Step 1: User query → RAGFlow retrieval (documents, knowledge base lookup) → Preliminary context.
Step 2: Memory retrieval (Memento Case Bank) → fetch similar past cases based on query embedding
Step 3: Build prompt = query + retrieved documents + retrieved cases → LLM answer.
Step 4: Execute any tools or verify answer. Measure success/feedback.
Step 5: Memory write = store (query, answer, feedback) into the Case Bank (possibly only final step per trajectory

This loop can be summarized in pseudocode:

def handle_query(query, memory_bank, retrieval_index):
docs = retrieval_index.search(query) # RAG retrieval
cases = memory_bank.read_similar(query, top_k=K) # Memento memory read
prompt = compose_prompt(query, docs, cases) # combine context
answer = LLM.generate(prompt) # LLM generation
feedback = evaluate_answer(answer) # user or automatic feedback
memory_bank.write(case=(query, answer, feedback)) # Memento memory write
return answer

A typical RAGFlow pipeline (query analysis → multi-index retrieval → ranking → LLM answer) can be augmented by inserting Memento’s memory read/write steps. Retrieved past cases enrich the prompt before LLM generation, and post-answer feedback is used to update memory.

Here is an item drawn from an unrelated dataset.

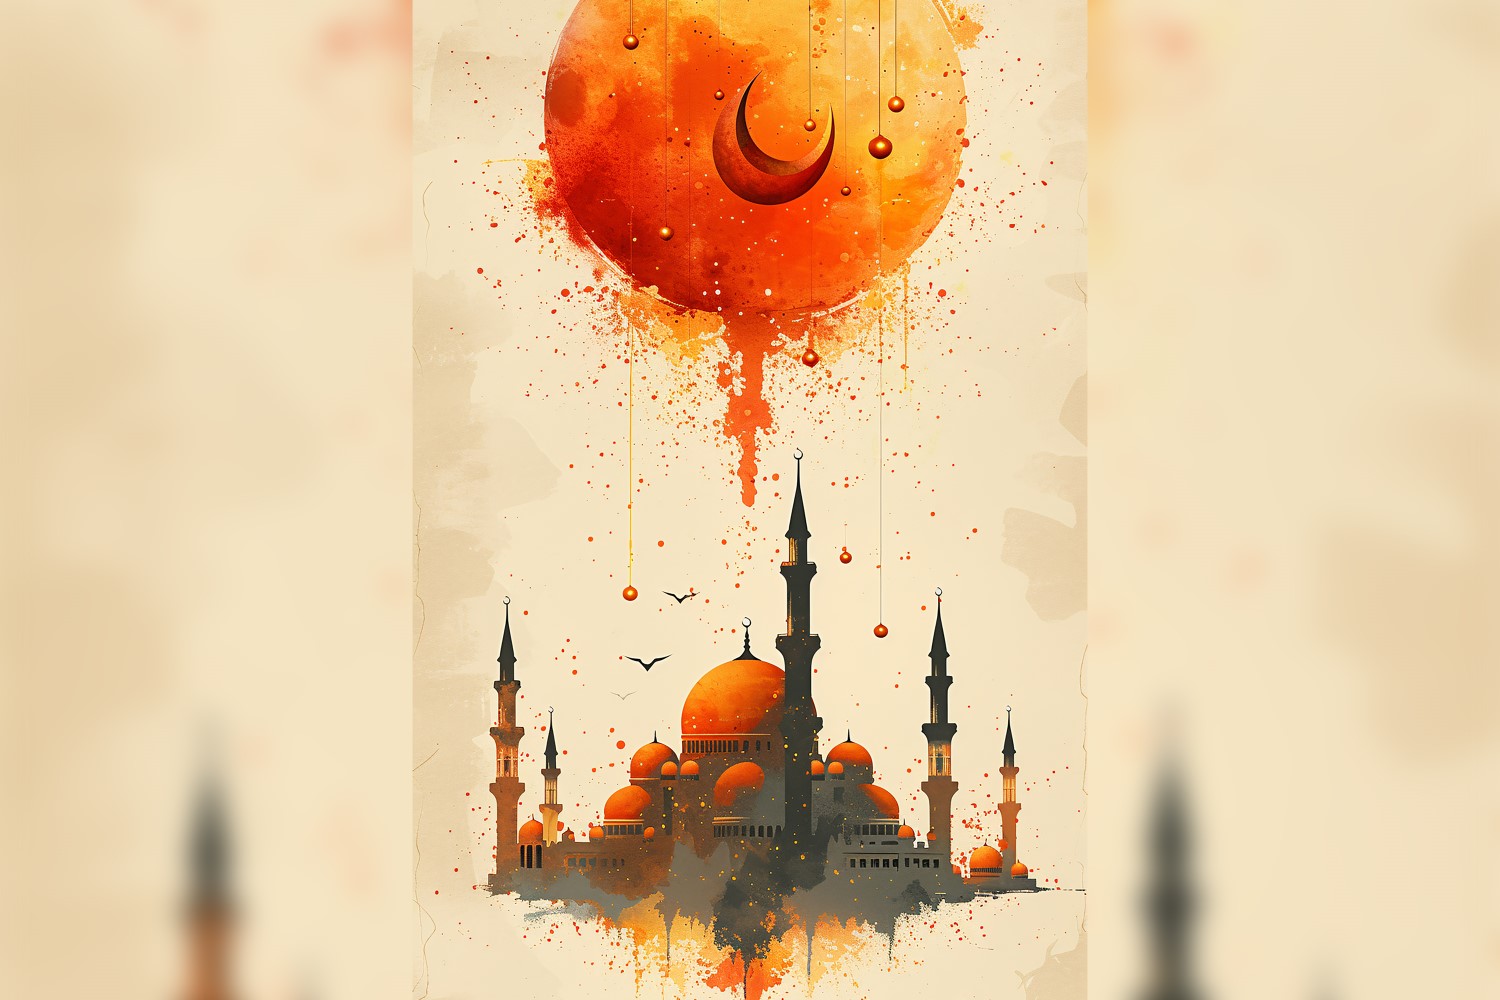 Ramadan Kareem greeting card poster design with moon & mosque 03

==================================
Managing Evolving Memory

Memento’s memory (the Case Bank) grows online as new queries are answered. To prevent uncontrolled growth and redundancy, Memento only writes a compact summary of each episode into memory. In practice, each “case” is stored as a tuple of (state, action, reward) – for example, (query, answer, success_flag) – and only the final step of each trajectory is written. This keeps the memory bank concise and informative. In the RAG context, this means each completed QA turn (or conversation turn) yields at most one memory entry. Care should be taken to prune or archive stale or low-value cases (e.g. duplicate queries or irrelevant answers) as the bank grows. One strategy is to limit the bank to the top-N most similar/valuable cases per query cluster, or to periodically remove very old entries.

During a multi-turn conversation or document session, the memory can evolve on two scales:

Session (short-term) memory: Store recent utterances and answers within the current dialog as a transient context. This can be kept in fast-access memory and optionally injected into each new prompt.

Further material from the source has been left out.